The full article is available on the CSIS website.
Public Review for Zilsd and Zclsd Closes Soon
Christian Herber, owner of the Load/Store Pair for RV32 fast-track extension, has announced a public review period for both the standard and compressed variants of the extension - Zilsd and Zclsd respectively - but you’ll have to hurry: it closes on the 13th of December.
“This specification contains two RV32-only extensions,” the extension documentation explains, "which add load and store instructions using register pairs. It does so by reusing existing instruction encodings which are RV64-only. The specification defines 32-bit encodings (Zilsd extension) and 16-bit encodings (Zclsd).
“Load and store instructions will use the same definition of even-odd pairs as defined by the Zdinx extension. The extension improves static code density, by replacing two separate load or store instructions with a single one. In addition, it can provide a performance improvement for implementations that can make use of a wider than XLEN memory interface.”

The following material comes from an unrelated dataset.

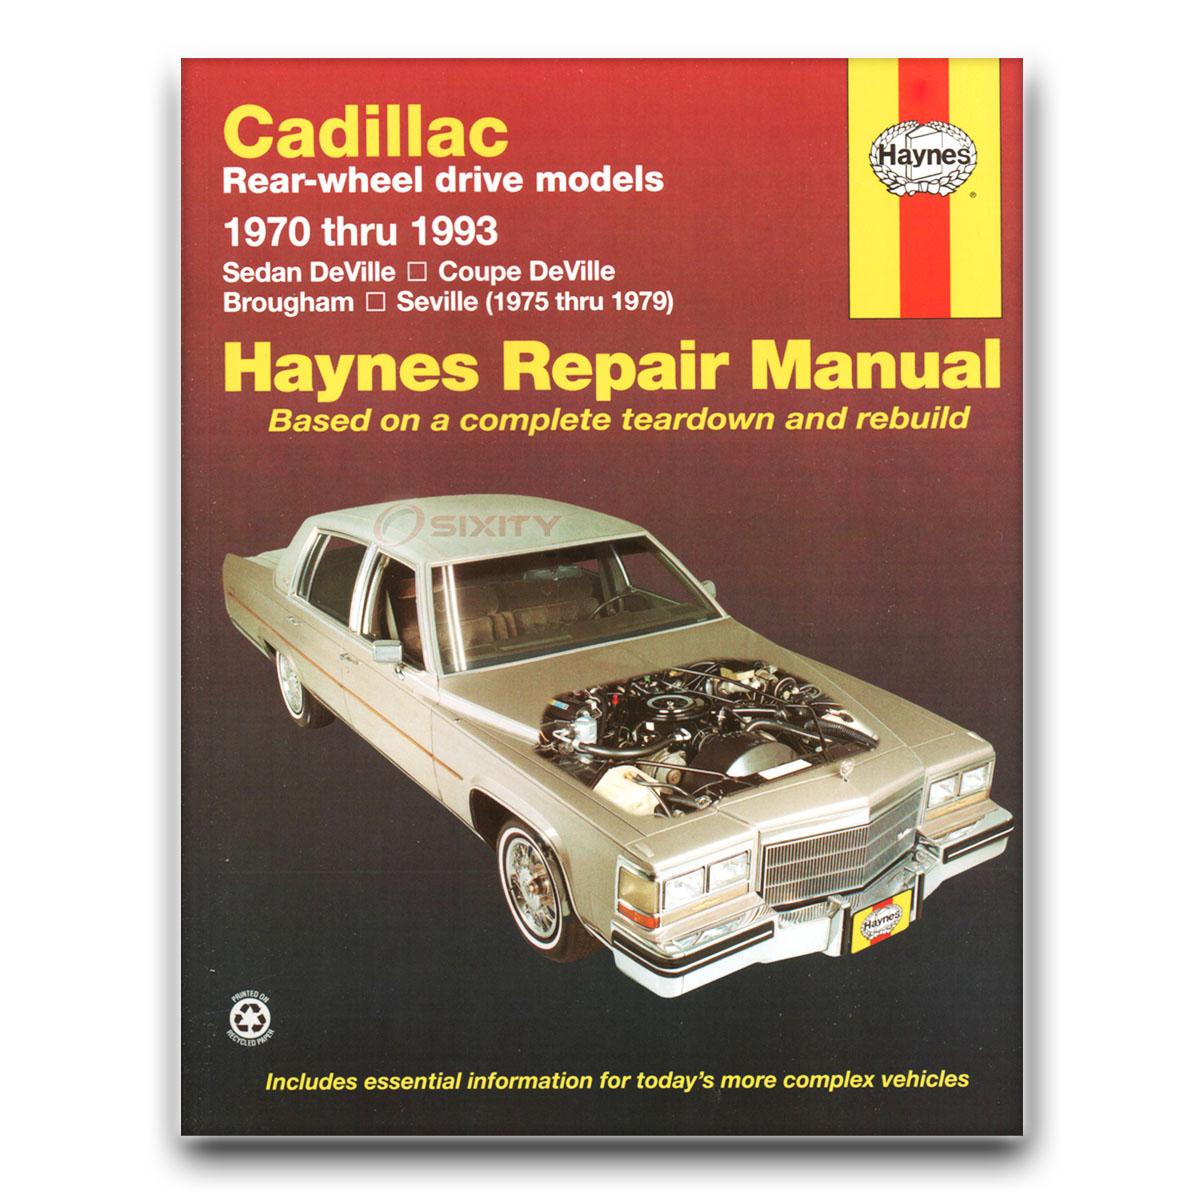 Haynes Repair Manual for Cadillac DeVille Cabriolet Phaeton d'Elegance Base  mi
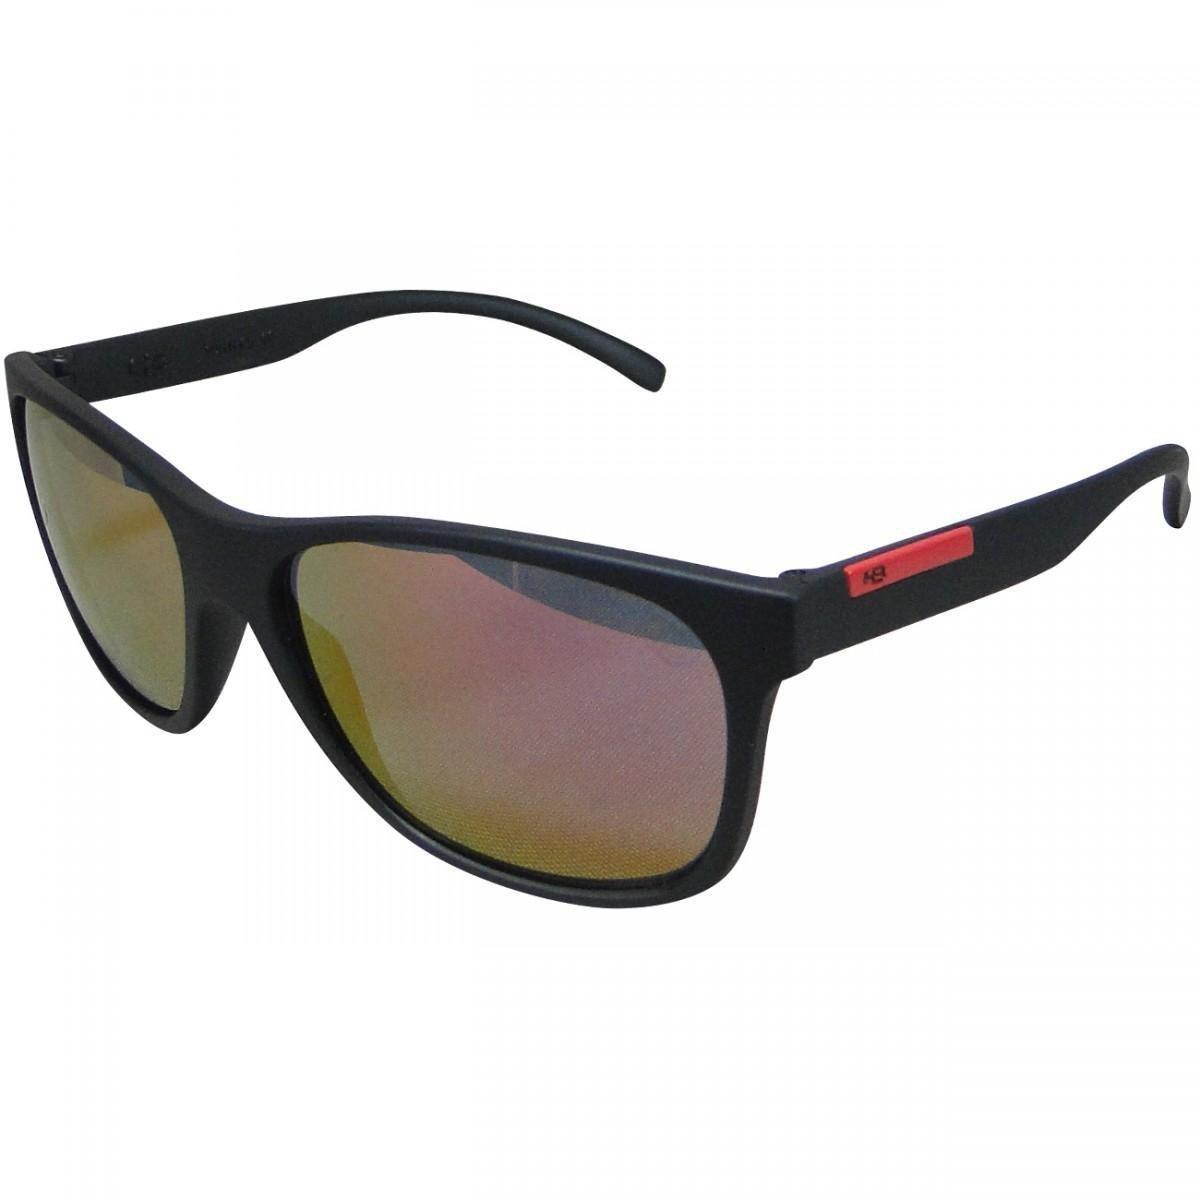 61f67a196113c Oculos HB Underground - Compre Agora

“During the public review period, corrections, comments, and suggestions, will be gathered for review. Any minor corrections and/or uncontroversial changes will be incorporated into the specification,” Christian says. “Any remaining issues or proposed changes will be addressed in the public review summary report. If there are no issues that require incompatible changes to the public review specification, the Unprivileged ISA Committee will recommend the updated specifications be approved and ratified by the RISC-V Technical Steering Committee and the RISC-V Board of Directors.”
The specification is available on GitHub, and interested parties can submit comments as Issues or Pull Requests or join in with the discussion on the isa-dev mailing list - at least, until the review period closes on the 13th of December 2024.
News In Brief
- Stream Computing details its open-source RISC-V Matrix Extension v0.5.
- RISC-V International offers a guide to finding and sharing RISC-V community projects.